Comic Info
Comic Name: Batwoman (Volume 1)
Publisher: DC Comics
Writer: J.H. Williams III/W. Haden Blackman
Artist: Amy Reeder/Trevor McCarthy/Rob Hunter/Pere Perez/Richard Friend
# of Issues: 6
Release Date: 2012
Reprints Batwoman (1) #6-11 (April 2012-September 2012). Children are being kidnapped and murdered as part of a sacrifice in Gotham City. Chase and the D.E.O. and Batwoman are on the trail of the cult of killers, and Kate realizes that it could put her at odds with her girlfriend Maggie Sawyer and the GCPD. Jacob watches over Bette as she fights for her life, and Maro Ito works to make Medusa and her followers more powerful than ever…Batwoman will be tested on all fronts if she hopes to survive!
Written by J.H. William III and W. Haden Blackman, Batwoman Volume 2: To Drown the World is a DC Comics New 52 superhero comic book collection. Following Batwoman Volume 1: Hydrology, the collection features art by Amy Reeder, Trevor McCarthy, Rob Hunter, Pere Perez, and Richard Friend. Issues in this collection were also collected as part of Batwoman: Haunted Tides.
I really enjoyed Batwoman: Elegy and was excited that the New 52 was giving the character her own series. Batwoman 1: Hydrology was ok, but the character still had a lot of potential. While I still enjoy the character, this writing of this collection turned me off to the series.
The story is rather straightforward, but the story is written in this weird out-of-order sequence that doesn’t enhance. A movie like Pulp Fiction tells the story in a non-sequential order, but it does it in a way that makes you want to watch it again and enriches the story. Here, it takes an average story and makes it confusing. Some events are happening two weeks in the past some are thirty minutes the past, some are twenty minutes in the future, and some are in the present…it would have been a better story if it was just told in a normal style (and probably would have been shorter).

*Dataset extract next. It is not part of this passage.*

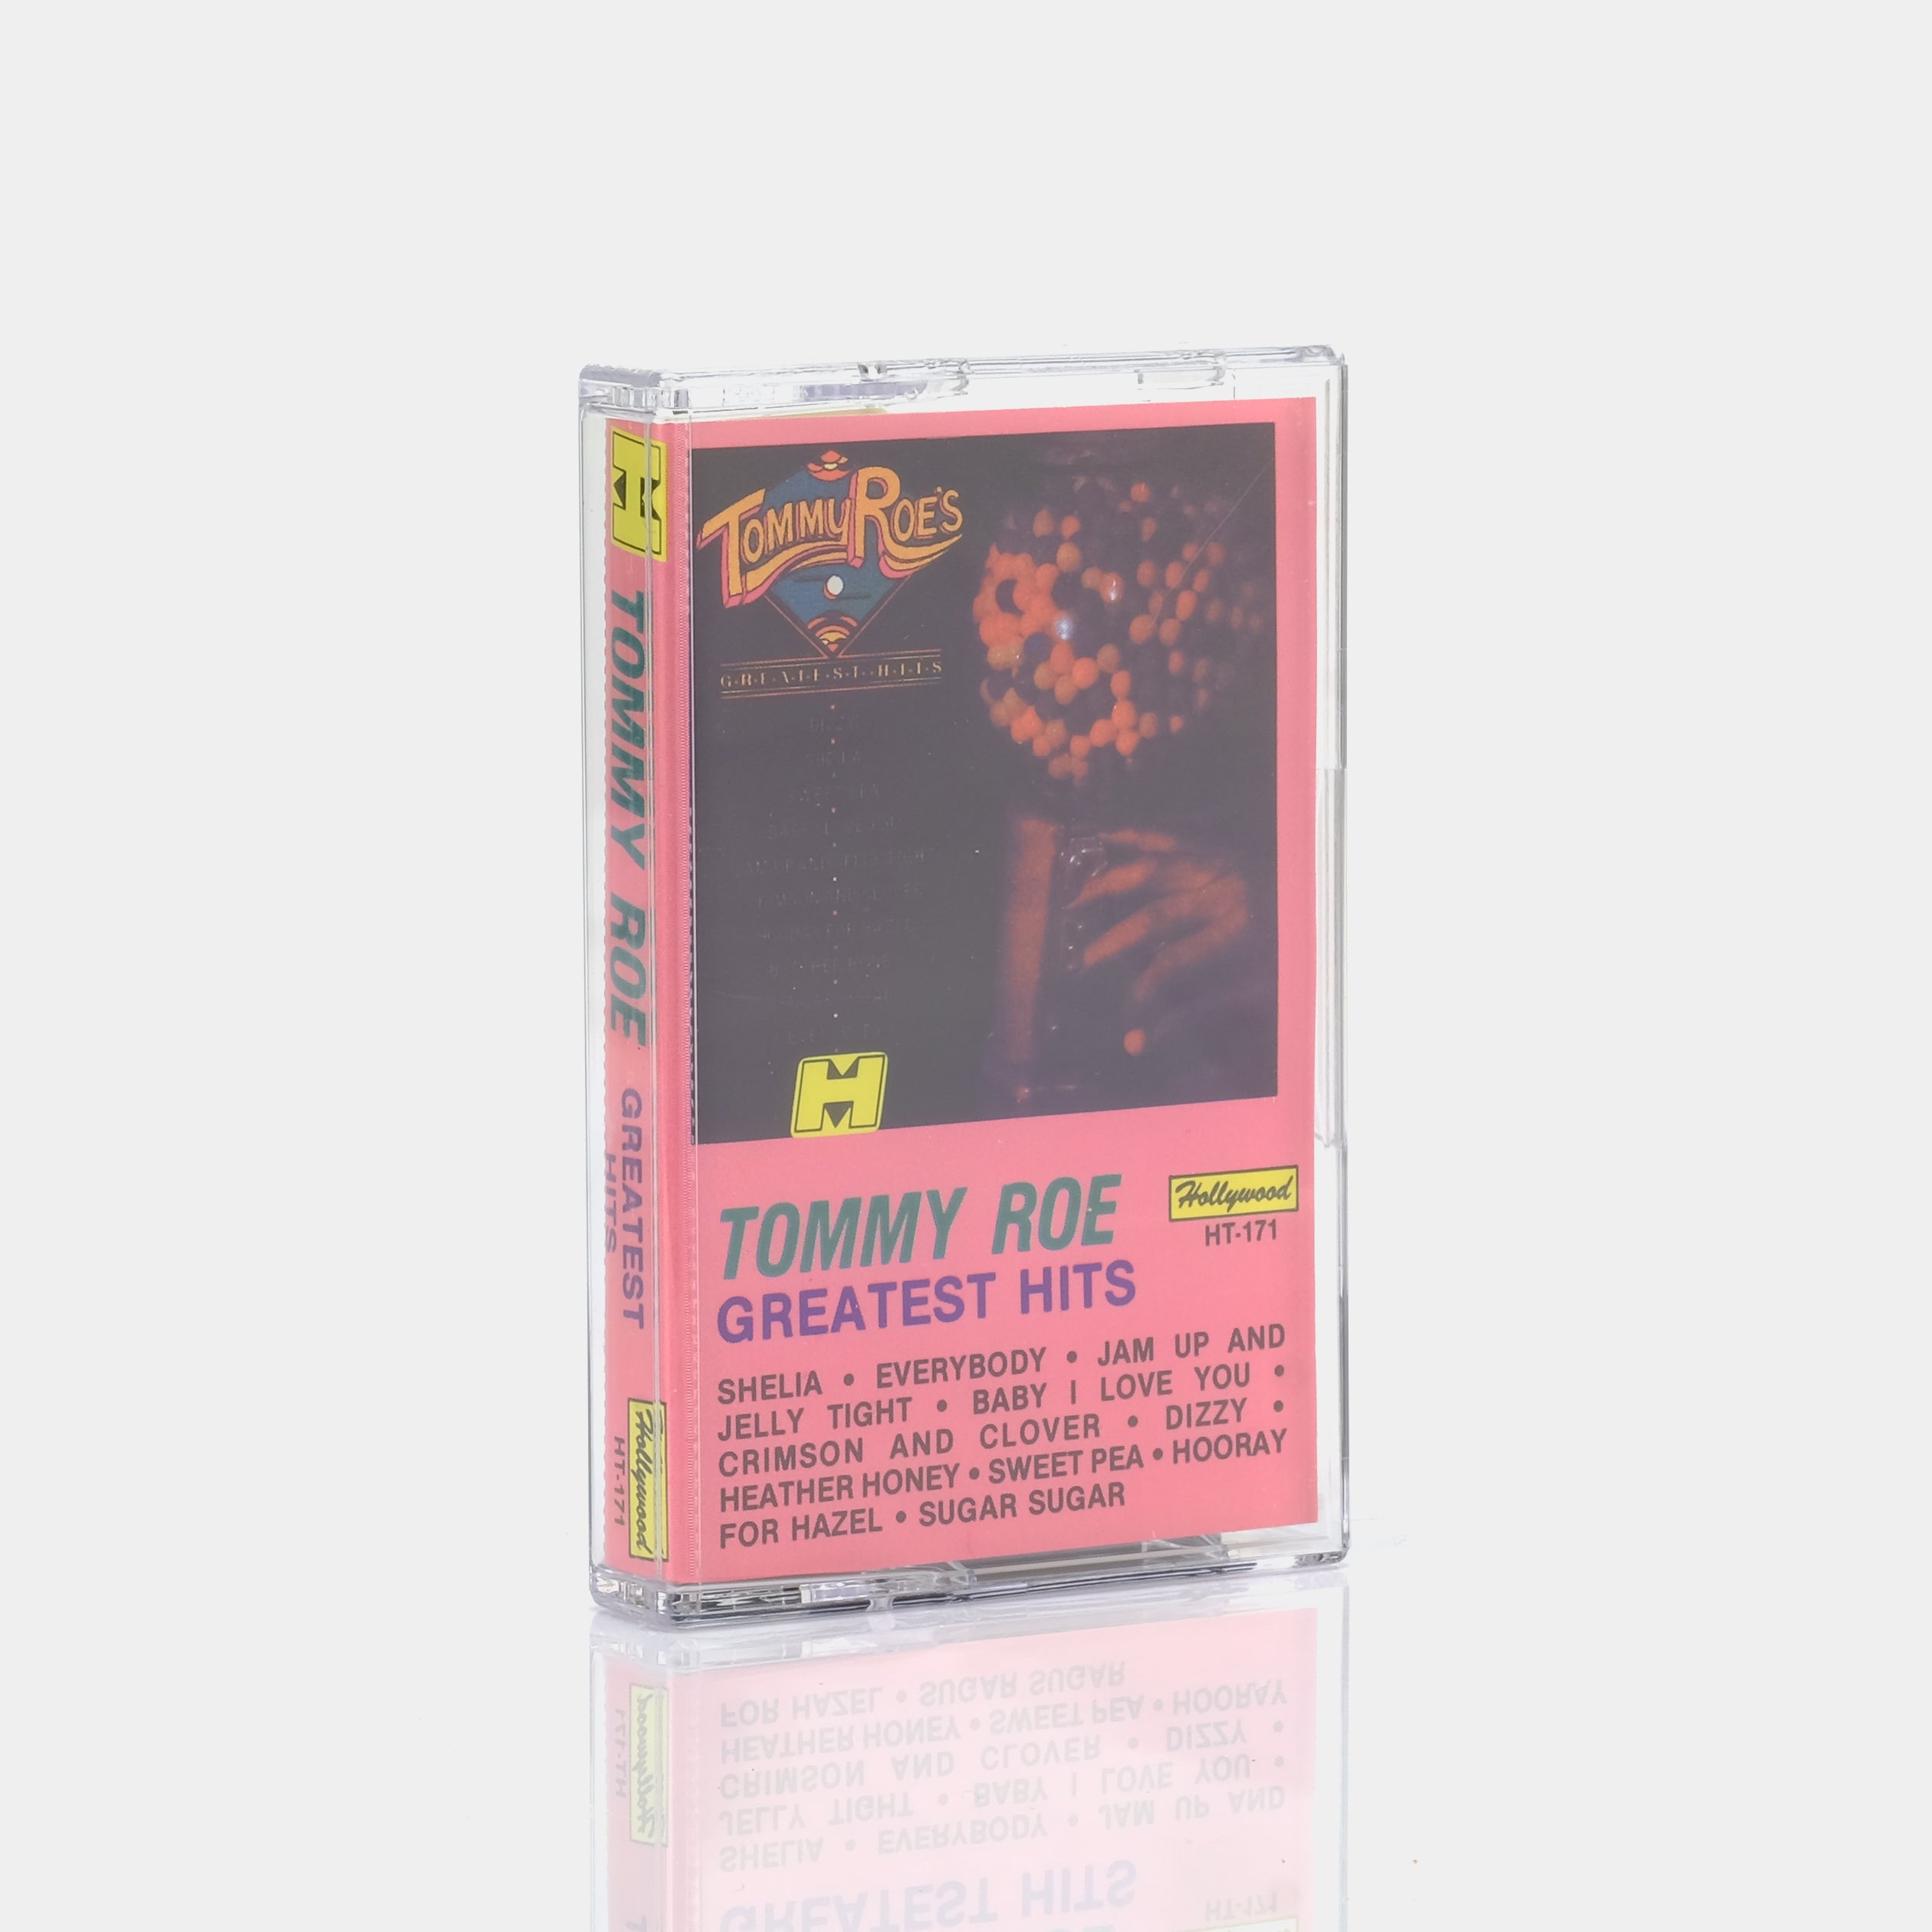 Tommy Roe - Tommy Roe's Greatest Hits Cassette Tape

The series deals with a lot of angst involving Kate and Maggie. Once again, it feels like it should be spaced throughout the issues in a normal fashion to show why Maggie and Kate are having doubt. Instead, you don’t know why Maggie is particularly upset about the murders because of her daughter, and you don’t have Kate’s fears that she and Maggie are butting heads on the investigation. Both are valid stories, but how they are presented here, they lose their emotional tug.
I do still enjoy a lot of the art, but the page layouts are also not conducive to reading. Batwoman: Elegy played a lot with the comic book format, but the story flowed. With a story that is jumping all over the place, the last thing I want to deal with is trying to figure out which panel to read next.
Batwoman 2: To Drown the World was a real disappointment and lost all momentum for me on the series. I read the first few issues of the storyline but then stopped when I realized I wasn’t enjoying it. Going back and reading the issues as a whole, I still have the same problems and feel like I almost had to “force feed” myself the issues…which is something a comic book should never do to a reader. Batwoman 2: To Drown the World is followed by Batwoman 3: World’s Finest.